Wednesday, 14 January 2009

Who was my Father?


I have prevaricated for several days, for I do not know how to continue my tale without first retreating to describe how I came under the care of my uncle and what befell my parents. Yet the order of those events is so confused in my own mind, owing to my extreme youth when they occurred, I find myself surrounded by doubt and hesitation. If I were to tell my parents story as I later assembled it, I would need assume a knowledge of the designs and ambitions of men and societies that I would not gain until much later in life (nay, that perhaps I have never gained), and here present a distraction of supporting characters and set-pieces. These had little direct relationship to me, except that they robbed me of my parentage. Like an urn that had been smashed into countless pieces, scattered and buried, I uncovered that story in fragments, through chance encounters later in life and by my own research when I was of an age to undertake them. Therefore I trust you will forgive me if I proceed to tell their tale as I learned it myself, and to take my time over it, and in recompense accept the briefest scenario I can make of their circumstances.

My uncle, Adraste Osbourne, had journeyed to Paris as a young man and apprenticed as a printer and binder in the reputable house of Louis Coignard, in rue Saint-Jacques at l’Aigle d’Or. During his four year apprenticeship he undertook for M. Coignard numerous visits to London and Amsterdam, returning with Jansenist manuscripts smuggled among other foreign literary works. While in England he petitioned at Montagu House in Bloomsbury and obtained the financial support of John, Duke of Montagu, fellow of the Royal Society and Grand Master of the Premier Grand Loge of England, (whose marriage to the Lady Mary Churchill, daughter of the Duke and Duchess of Marlborough, provided a healthy income in addition to his wealthy father's allowance) permitting the establishment of a bookshop in Paris in rue Saint-Jacques. He was a creature of the Enlightenment, as much devoted to Science and Reason as he was fascinated by their dark progenitors, alchemy and mysticism. But his true love was the theatre. A substantial part of the profits he earned as bookmerchant (and these were not insubstantial, for he happily printed both official and pirated editions of every title he sold) went into la Comédie-Italienne when it returned to the Hôtel de Bourgogne, rue Mauconseil, in 1716. He married and was quickly widowed when his young wife died of smallpox. His younger sister, my mother, arrived in Paris in distress and six months pregnant in 1722. My father, whom she had married secretly in London, was a gentilhomme de France, but had disappeared as so many gentilhommes are wont to do. A midwife was found but she would guarantee only my survival. Thus I became my uncle's ward from the moment of my birth, and he added his wife's name to mine.

"Who was my father?"

Uncle Adraste shifted and pretended to continue reading for a moment, but I saw his eyes were not moving over the page. He licked a stained finger and turned down the corner of his page. "Pardon me, child. Did you ask me a question?" he said.

"Who was my father?"

"Ah." Still he did not look at me, but studied the crystal glass on his reading table. "Your father."

"Yes, did you know him?" I stamped my foot.

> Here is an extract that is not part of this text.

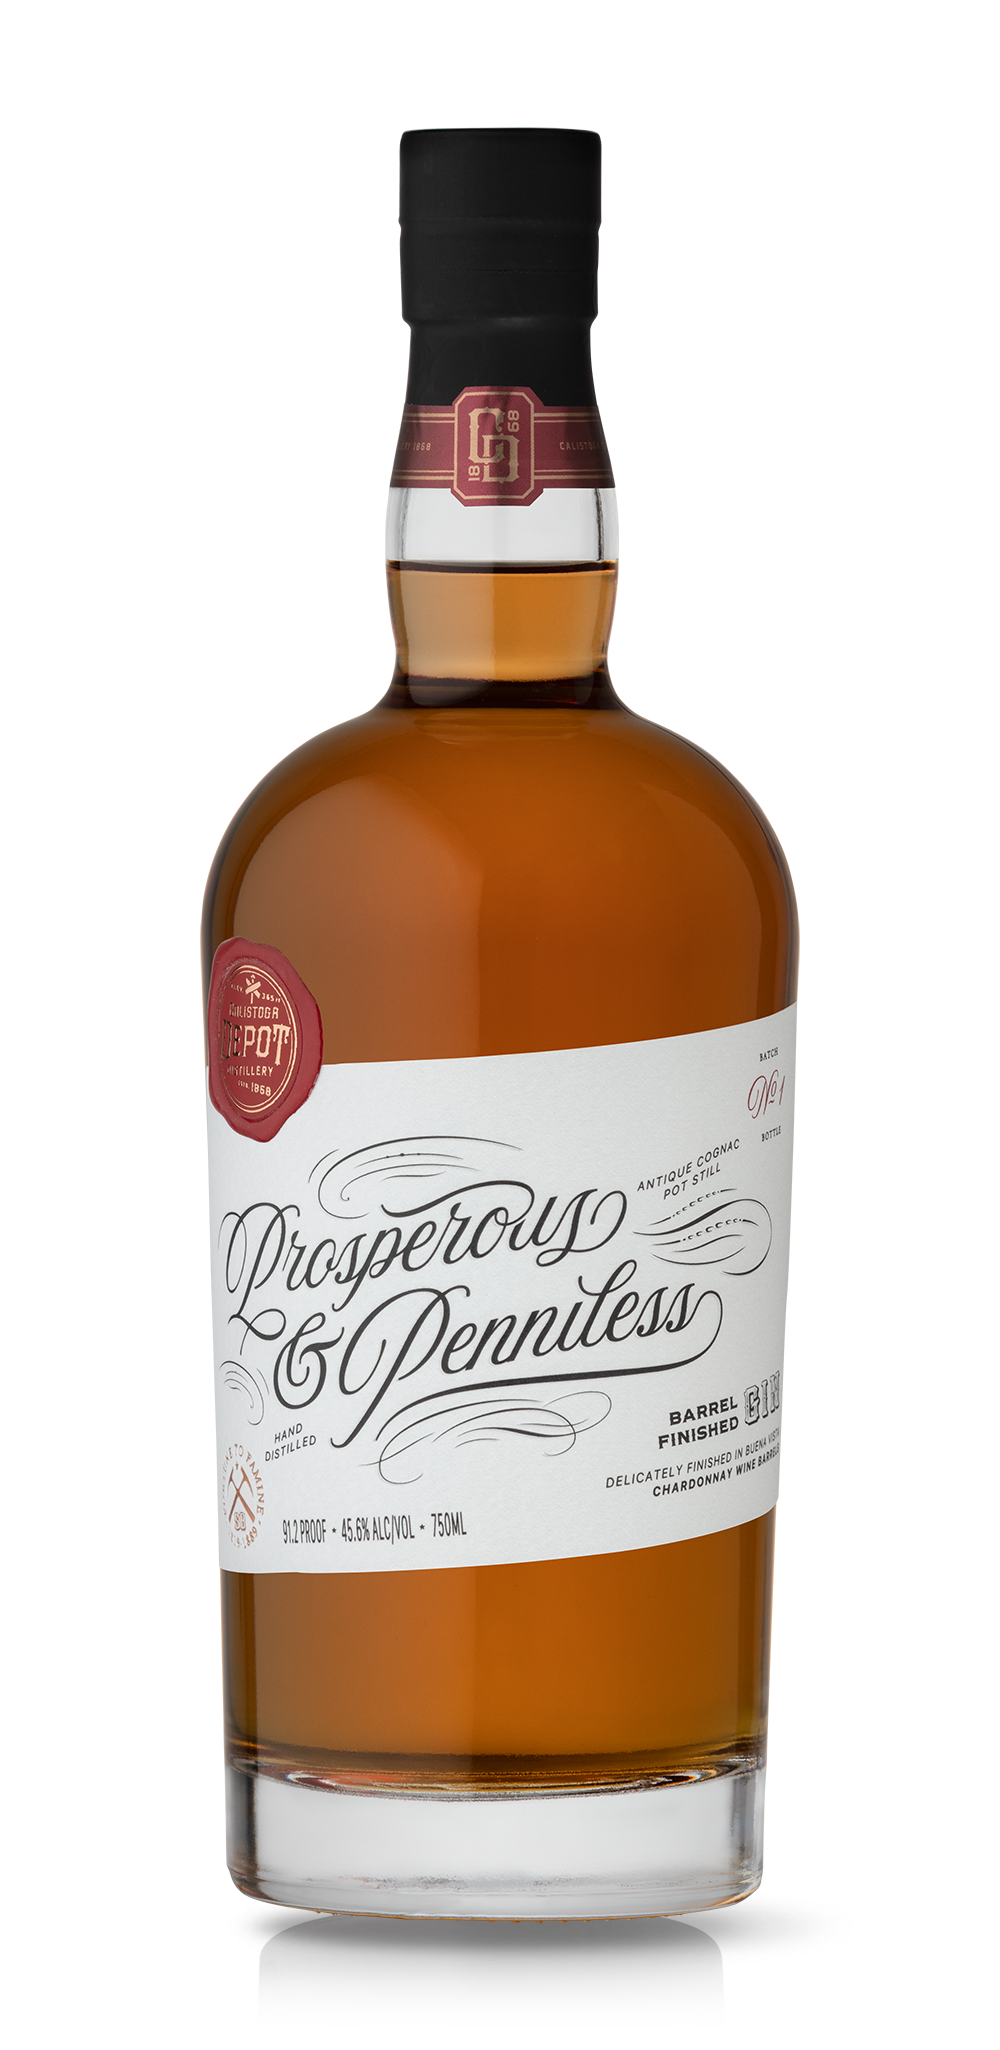 Prosperous & Penniless Barrel Finished Gin from the Calistoga Depot Spirits

"Of course, of course." At last he put down his book and turned to look at me. "Why do you want to know, child?"

Perhaps my mouth fell open. I wanted to know because everyone had fathers of their own with occupations, and houses, and ancestors, and names. Solid fathers with whiskers and odd smells and rumpled waistcoats and leather boots and tobacco. Fathers they could cling to when they cried, or yell at when they were frustrated. Fathers who gave them ribbons and candied fruit on holidays, and took them for walks in the park or picnics in the countryside. I had only a silent emptiness that nibbled at my heart and gobbled up my guts, that filled me with something that was not sadness or anger but in between the two, burning coldly at the pit of my stomach. I wanted to be able to tell my friends my father was the King of Siam and had placed me in Uncle's care out of the way of court assassins, that he was the Captain of the Guards and was leading his troops on the battlefields in Poland, or that he was a poet who had fallen afoul of the Royal Censors and now wasted in the Bastille. I wanted something, which I thought a father might provide me, and if not a father, at least the knowledge of one.

After a long pause, my uncle said, "He was a very intelligent man."

"Was he an actor too?"

"No, no, he was not a very good actor. It might have gone better for him if he were."

"What happened to him?"

Uncle Adraste stared out the window, so I rose from where I was sitting with my puppets and stood in front of him. For a long time he would not look at me, and I tried to discover the reason by peering deep into his eyes. I scowled. "What happened to him?" I repeated.

"I have been thinking on that question since long before you were born, child."

3 comments:

Osprey said...

/me listens, entranced.

Enjah Mysterio said...

Rapt, I also give full attention to your tale, which now begins to unfold its sorrows. All our tales have them, but yours came early in life, and must have caused you terrible anguish.

Anonymous said...

Ye gods! I have only managed to put aside a slit of time to read this with the attention it deserves, and now I want more!